2015-02-09
 
201529image(8).jpg (350×238)
Cosmas Shi Enxiang in an undated photo.
Photo courtesy of UCAnews
 
 
An underground Catholic bishop in China has died at the age of 94, 14 years after his ‘disappearance’ at the hands of authorities, a Catholic news website and a religious rights activist said.
 
Bishop Cosmas Shi Enxiang of Yi county in Hebei province was arrested on Good Friday, 2001, at a relative’s home in Beijing, and had been held without charge at an unknown location since then, the UCANews website said.
 
Joseph Kung, spokesman for the U.S.-based Cardinal Kung Foundation, said the family had been trying to discover Shi’s whereabouts for years.
 
“Bishop Shi has been disappeared for 14 years, and neither we nor his family knew where he was being held,” Kung told RFA.
 
He said authorities in Hebei’s provincial capital Baoding had only informed the family of Shi’s death.
 
“[Then] the Baoding authorities informed his relatives that he had died, but the family still doesn’t know where his remains are, nor his personal effects,” Kung said.
 
According to the bishop’s great-niece Shi Chunyan, the family was wasn’t told exactly when or how Shi died, UCANews reported.
 
A Beijing-based underground church member, who gave only his surname Ding, said Shi had been persecuted by the authorities because he wasn’t a member of the China’s ruling Communist Party-approved China Patriotic Catholic Association, which doesn’t recognize the authority of the Vatican.
 
“He was held for a very long time, and died in jail in his nineties,” Ding said. “I think this is very inhumane, and it makes one very angry.”
 
“It’s a typical example of China’s track record on religious freedom,” he said.
 
Religious freedom
 
Officially an atheist country, China has an army of officials whose job is to watch over faith-based activities, which have spread rapidly in recent decades amid sweeping economic and social change.
 
Party officials are put in charge of Catholics, Buddhists, Taoists, Muslims, and Protestants.
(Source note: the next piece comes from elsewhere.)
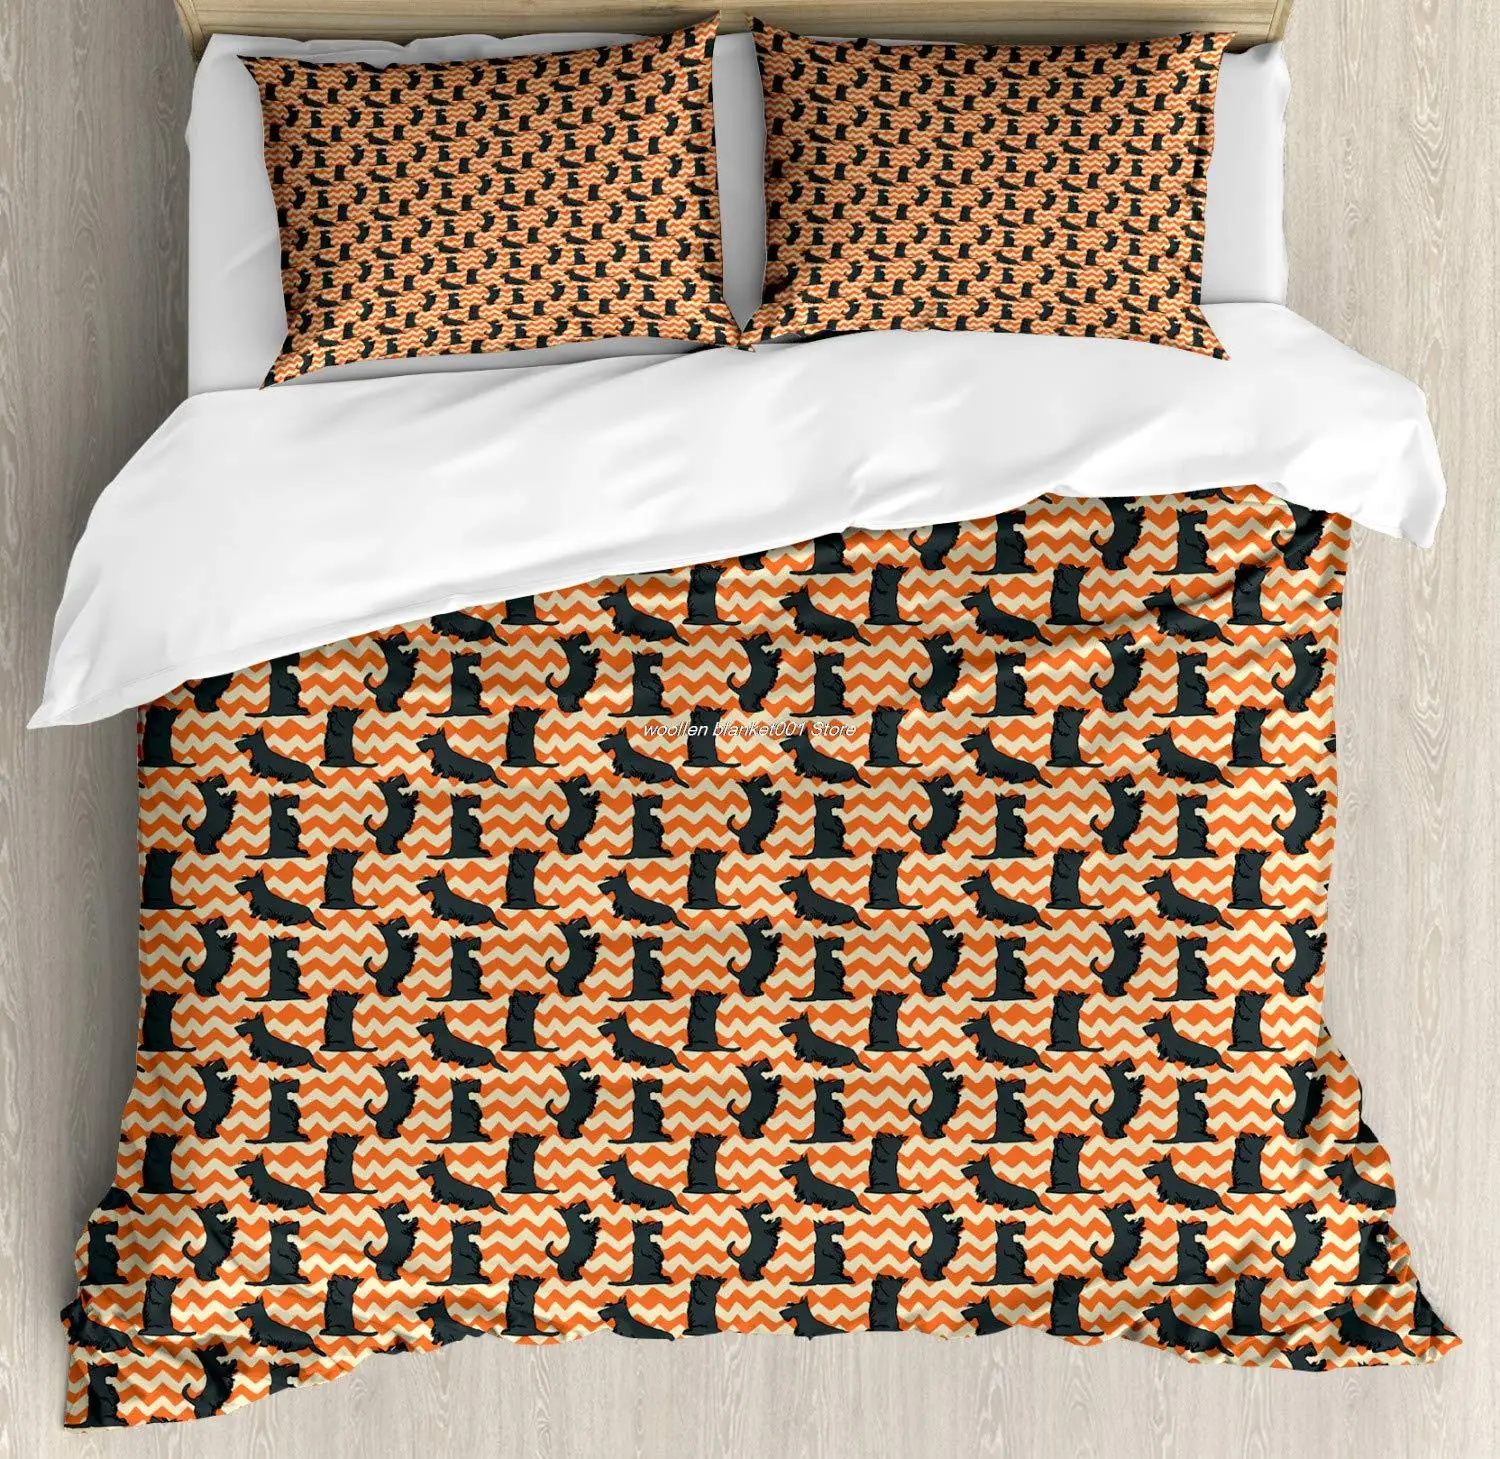 

Scottie Dog Duvet Cover Set Sketched Puppies on a Crooked Chevron Zigzag Backdrop Decorative 3 Piece Bedding Set with 2 Pillow

Judaism isn’t recognized, and worship in non-recognized temples, churches, or mosques is against the law.
 
Ding said China has a huge state “machinery” dedicated to ensuring its religious believers toe the party line.
 
“The older generation of religious leaders in particular spent a much longer time in jail,” he said.
 
He said China’s underground Catholics were forced to be more secretive in their activities because they retain allegiance to the Pope, regarded by Beijing as a foreign power with no say in its internal affairs.
 
“I think there’s a lot that the rest of the world doesn’t even know about the oppression directed at them by the Communist Party, since it came to power,” Ding said.
 
“I think it’s very widespread, deep and dark, and we shall see if people can expose more of it,” he said.
 
Shi Chunyan told UCANews that his family had taken the news of his death very hard.
 
“My parents and the bishop’s other siblings are particularly sad,” she said.
 
“They had been unsuccessfully trying to discover his whereabouts for many years. Now the answer to their questions is that he is dead,” she said.
 
Shi, a native of the northern province of Hebei, was hailed by some in online comments as “a martyr of the Church,” UCANews reported.
 
Bishop Su
 
Meanwhile, city authorities are also holding Catholic bishop James Su of Baoding at an unknown location, after he ‘disappeared’ in October 1997, Kung said.